If Tinder is the platform that can save some animals, eBay classifieds is still a path to suffering, illness and even death for hundreds of others. The illegal puppy trade has boomed during the pandemic. In the first half of 2021, 1,307 animals were affected, more than in all of last year, according to the German Animal Welfare Association. Because of the high number of unreported cases, that is only the tip of the iceberg.
"The platform opens the door to illegal trade. This trade must finally be restricted and regulated by law if a ban cannot be enforced.

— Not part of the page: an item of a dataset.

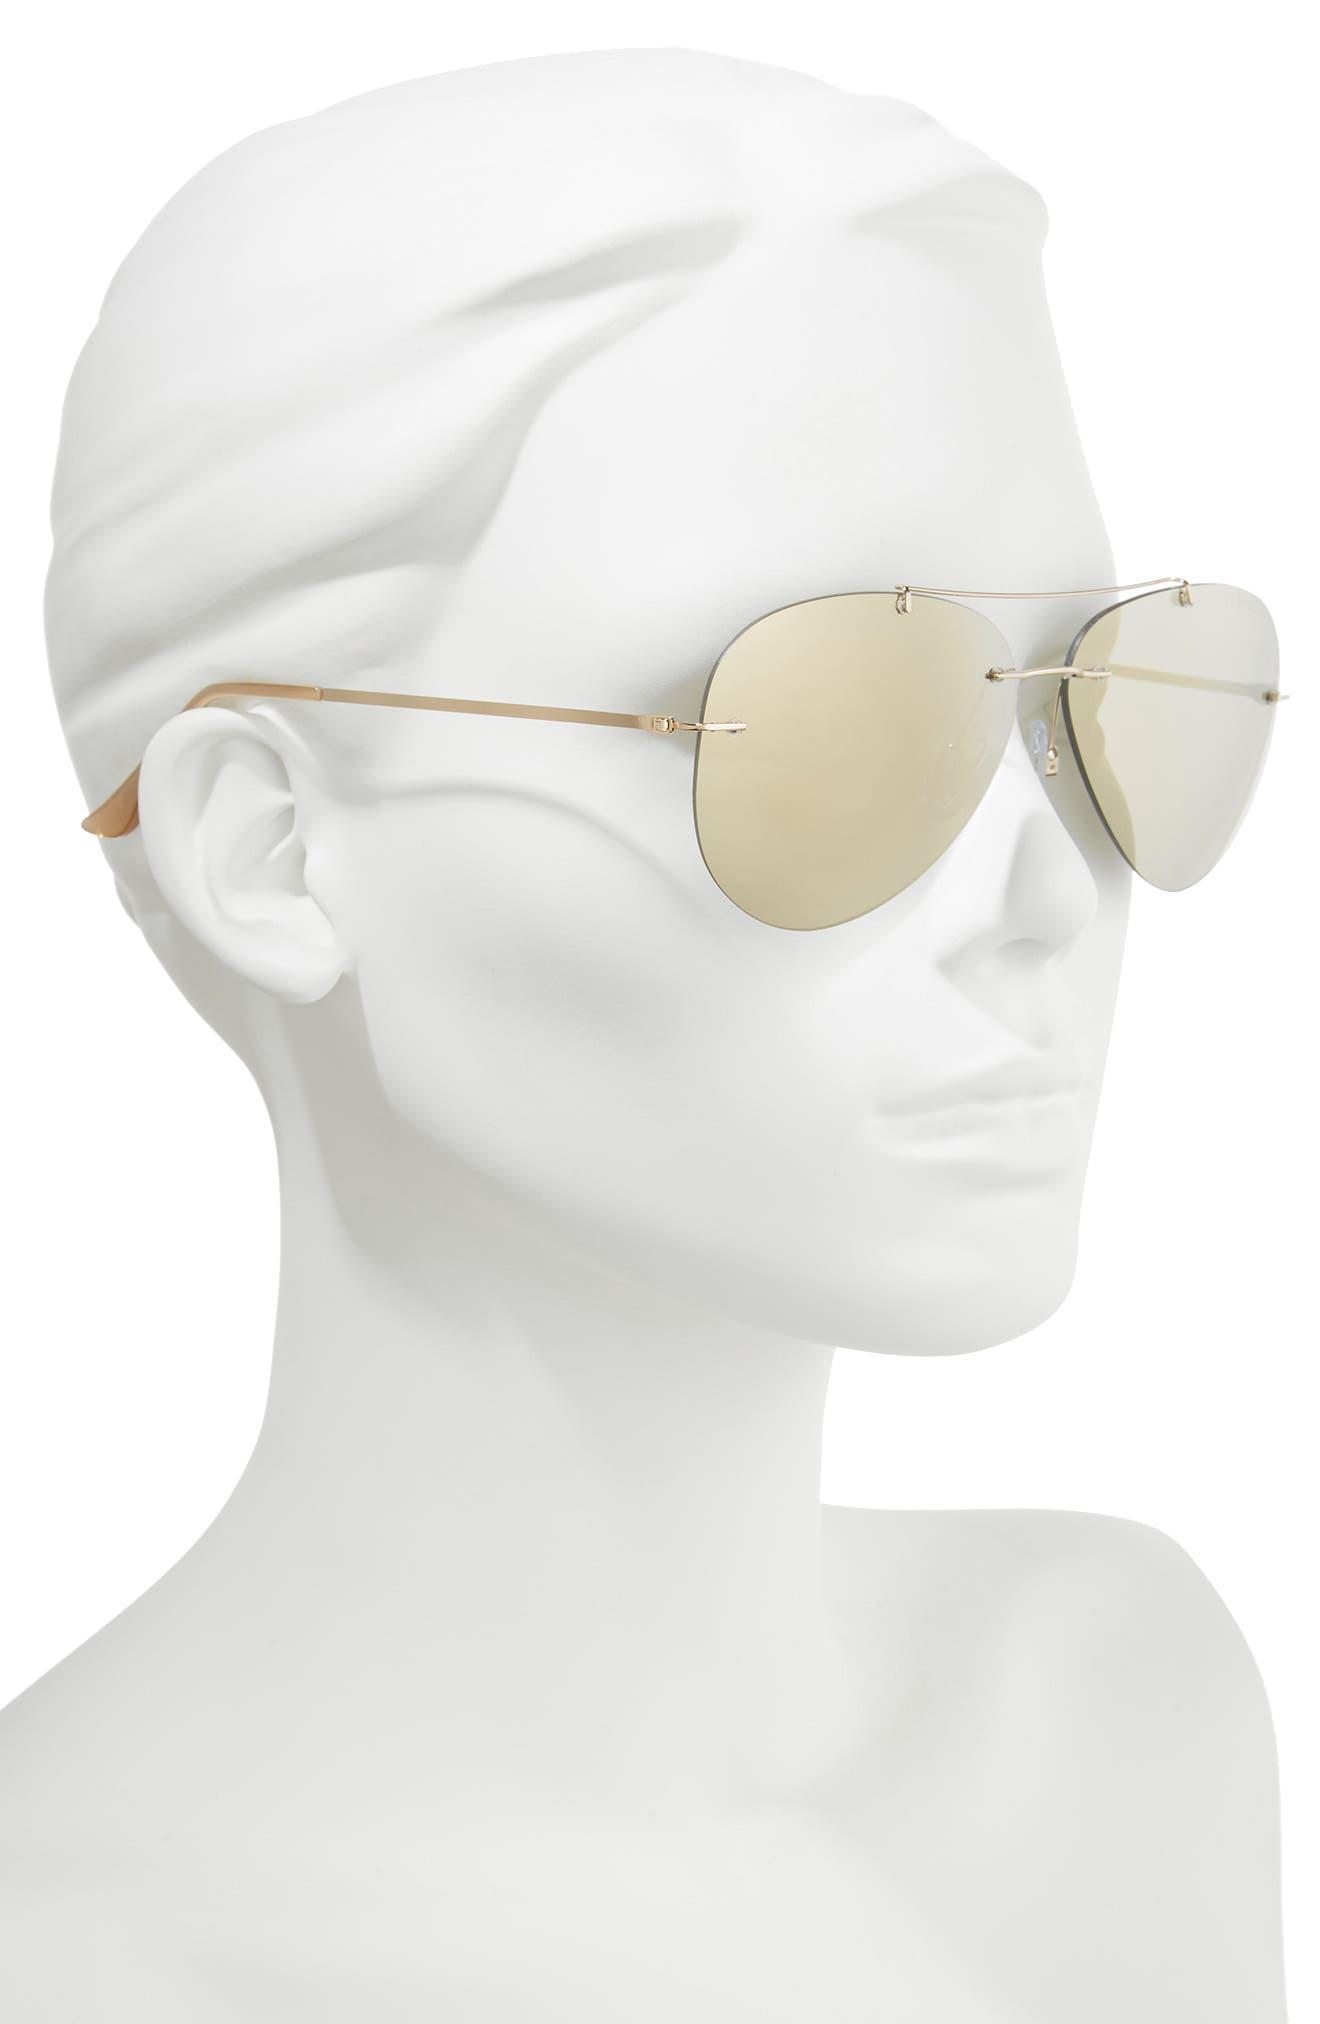 SEAFOLLY,                             Redondo 61mm Rimless Aviator Sunglasses,                             Alternate thumbnail 2, color,                             710

The penalties for the illegal traders and checks and clarification of the cases must be tougher," says Hester Pommerening of the German Animal Welfare Association. "Policy hasn't changed and the situation is becoming more and more dramatic."
The last German government had wanted to present itself as the savior of abused pets, and the topic of puppy trafficking was explicitly mentioned in 2018 in the coalition agreement. "However, our demands have more or less fallen flat and been dragged out, and with [Consumer Protection] Minister Julia Klöckner, we have fallen on deaf ears."
Animal welfare organizations are now pinning their hopes on the new government and a new minister, possibly from the Green Party, who could do more for animal welfare and push to limit the illegal animal trade at the EU level. By requiring mandatory Europe-wide identification and registration of dogs and cats, it would become much more difficult to illegally trade in them.
"What we are currently seeing is the outright consumption of living creatures," says Pommerening. "People are getting animals as commodities or toys, and if they don't work out, they just want to exchange them."
This article has been translated from German.